I'm not into 3D printing, so I don't know what a MK1 bed is. Is this the part with the resistive heater?
You say that you have a 12 VDC, 30 A power supply, so I am guessing that the heating element is rated 360 watts or less and rated for 12 V operation.
If all the above is true, then I agree with rdhem2 that a PID controller with a SSR (solid state relay) is the way to go. Controllers and SSRs that I have recently bought in this range were a little more expensive than what rdhem2 quotes, but not a lot. You could use either a thermocouple or an RTD (resistive temp device) to measure the temp. If super accuracy is not required, the thermocouple is probably slightly lower cost. The biggest issue with either temp sensor is that it be firmly connected to the heating platen such that the temp sensor quickly responds to heat being added by the heating element.
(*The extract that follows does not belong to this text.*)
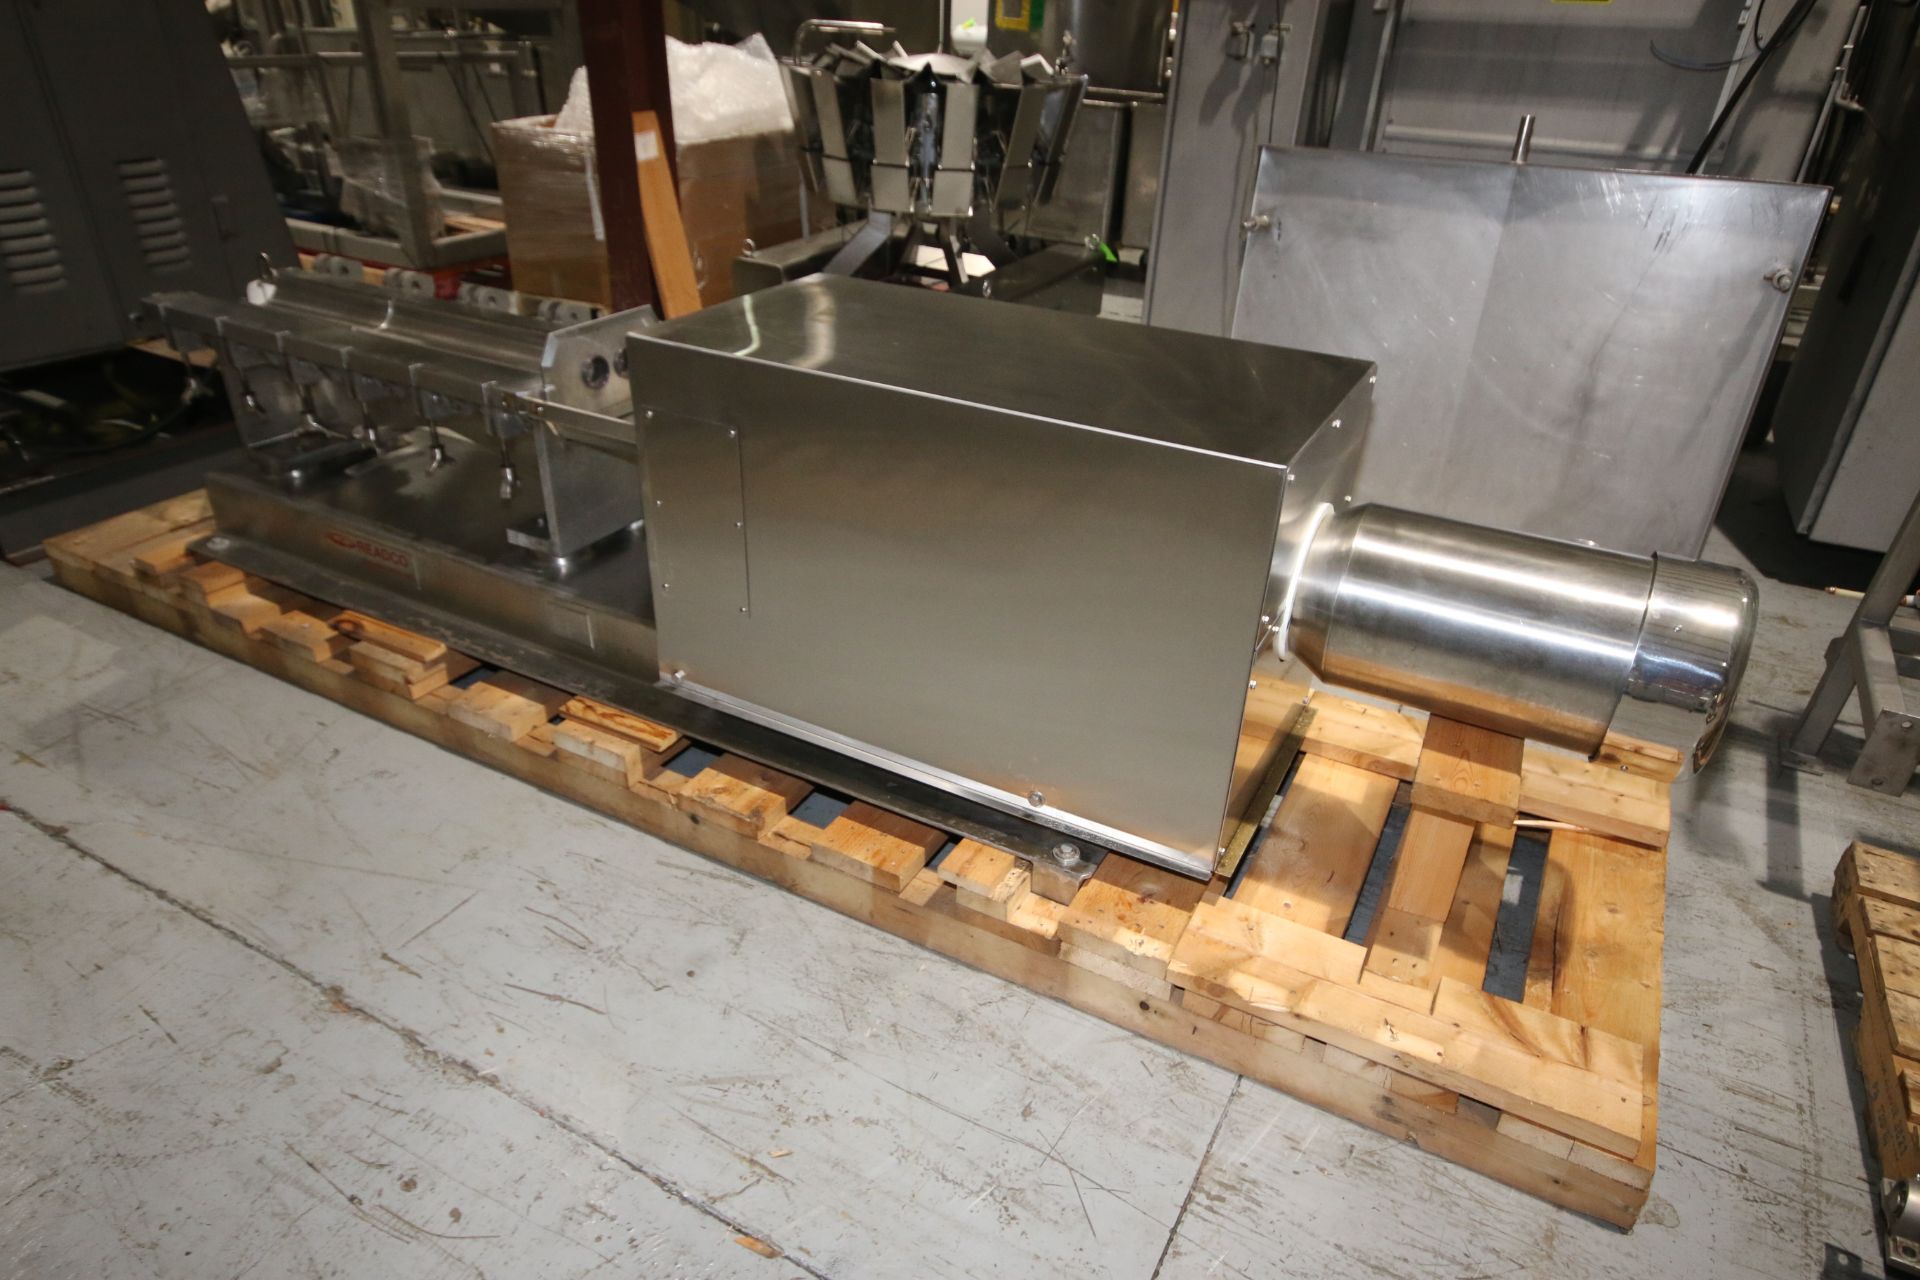 Readco S/S Continuous Mixer, Machine: 5 C.P., S/N 108512, Weight: 3,300 lbs, P.O. Number: - Image 2 of 10

For those that may not be familiar with PIDs and SSRs, here's a quick and dirty summary.
PID Controller
The PID controller (short for proportional, integral, derivative), continuously compares the "process variable" (in this case the temp output of the t-couple) to the "set point" (the temp you want to maintain). The controller comes up with an "error" which is either + or - relative to set point. The controller does some fancy math and spits out an "output" (usually expressed in 0-100% output). The "output" is then passed on to the SSR which actually controls the power current. The desirable feature of the PID controller is that, properly tuned, it can reduce the "error" to zero and hold constant temperature on the process. The PID controller can also be tuned to react to expected process upsets, and to quickly return the error to zero.
SSR
Electrical power to the process is typically switched on and off at a certain cycle time, say 10 seconds ( but you can pick other cycle times). So, when the PID says give me 100% power, the SSR remains ON for 10 sec out of 10 sec. When the PID calls for 50% power, the SSR is on for the first 5 sec and off for the next 5 sec. For 10% power, it's on for 1 sec and off for 9 sec. In the old days, this cycling was done by mercury displacement relays, because regular power contactors did not hold up well with constant cycling. With the advent of modern, low-cost, solid state devices, SSRs have replaced mercury relays (good thing because the mercury in the old relays is considered hazardous waste). One thing to keep in mind is that SSRs usually require an aluminum "cooling fin" assembly upon which the SSR is mounted. The SSR is a solid state device, so it gets warm as it operates. Usually you have to buy the cooling thing separate from the SSR, although some smaller SSRs have the cooling fin already attached. Likewise, the control enclosure for the SSR has to have some ventilation or other means to release the heat generated by the SSR.
Keep us posted,
Terry S